A pescadora Denise Miranda, moradora da Ilha da Torotoma, diz que o evento foi muito proveitoso para as mulheres que atuam na pesca, por muito tempo foram excluídas dos movimentos e que por muitas vezes se excluiram por não participar de reuniões e da criação de leis, entre outras questões. "A gente tinha que aceitar essas leis porque a gente não tinha voz. Nos dias atuais, a gente começa a ser muito procurada para opinar e para participar dos eventos. Temos mulheres que estão, cada dia mais, crescendo no meio da pesca e isso é muito importante para a categoria. Começamos a ter visibilidade, mais coragem e autonomia de fala para de protestar quando não concordamos com alguma proposta ou quando as leis não pensam em nós. Esse evento traz isso, muito de fala, muito de pertencimento, de a gente se enxergar dentro do nosso território. Sou da Torotama, minha comunidade é uma comunidade tradicional de pesca e moro nesse território, esse território é nosso, a gente tem que valorizar e pertencer a ele", afirma Denise.

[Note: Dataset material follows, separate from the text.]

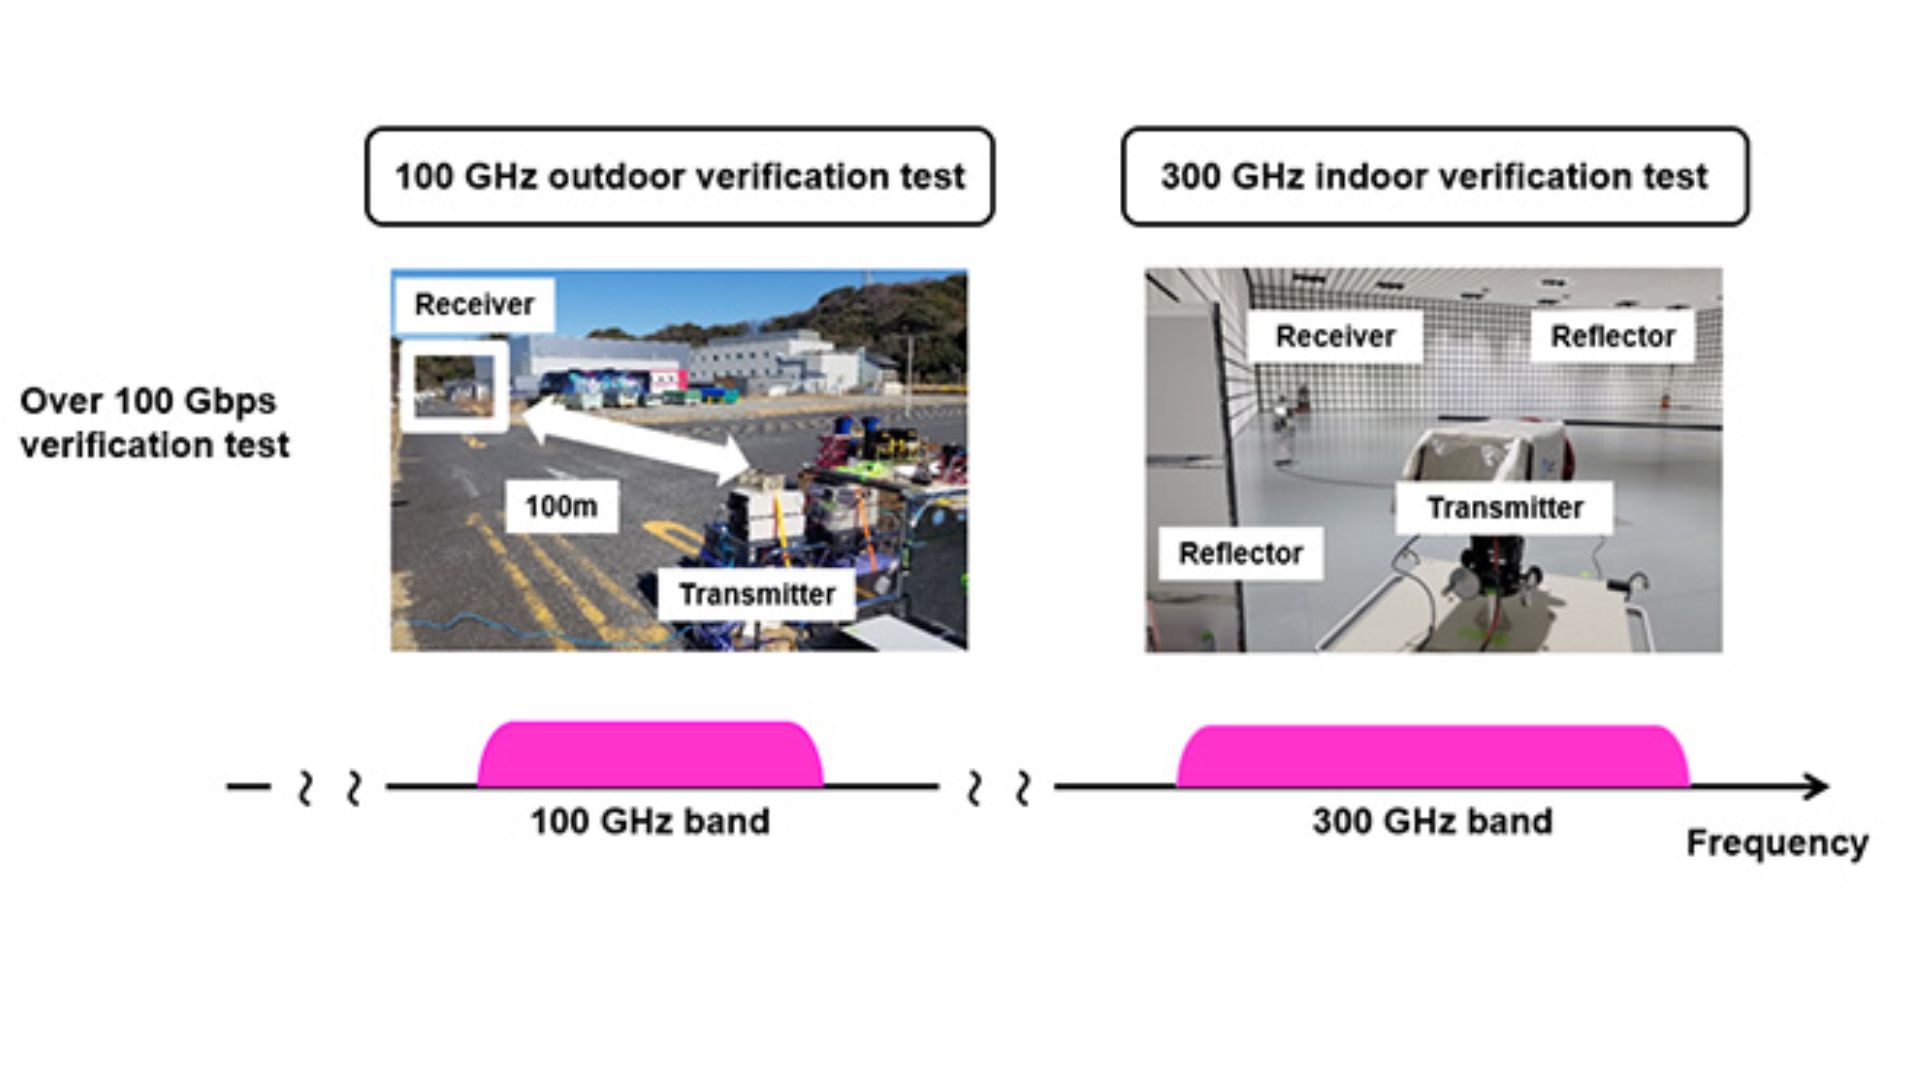 Verification test in the 100 GHz and 300 GHz bands.

Viviane Alves, pescadora da Ilha dos Marinheiros, diz que esse tipo de encontro é necessário para alinhar ideias, mas segundo ela, ainda falta muito. "Hoje estamos usando um espaço que também é nosso, mas também queremos espaço para nossos filhos. Precisamos que eles adentrem esse espaço. Somos de comunidades tradicionais que são distantes e nossos filhos precisam ter acesso a universidade, porém não temos transporte público e fica difícil para nós, pais e mães, mantermos nossos filhos na cidade, pois precisam ter um lugar para morar e pagar aluguel. Nesse sentido, ainda nos falta melhorar muito", afirma a pescadora.
Sobre o MARéSS
O MARéSS é um laboratório interdisciplinar que busca entender os sistemas socioecológicos marinhos, integrando conhecimentos de ecologia, biologia, oceanografia, antropologia, sociologia e economia. As linhas de pesquisa incluem ecologia e conservação de ecossistemas marinhos; dinâmica de populações e comunidades marinhas, impactos humanos sobre os ecossistemas marinhos e desenvolvimento sustentável e governança de recursos marinhos. Também desenvolve projetos de extensão e transferência de tecnologia, buscando contribuir para a gestão sustentável dos recursos marinhos e a melhoria da qualidade de vida das comunidades costeiras.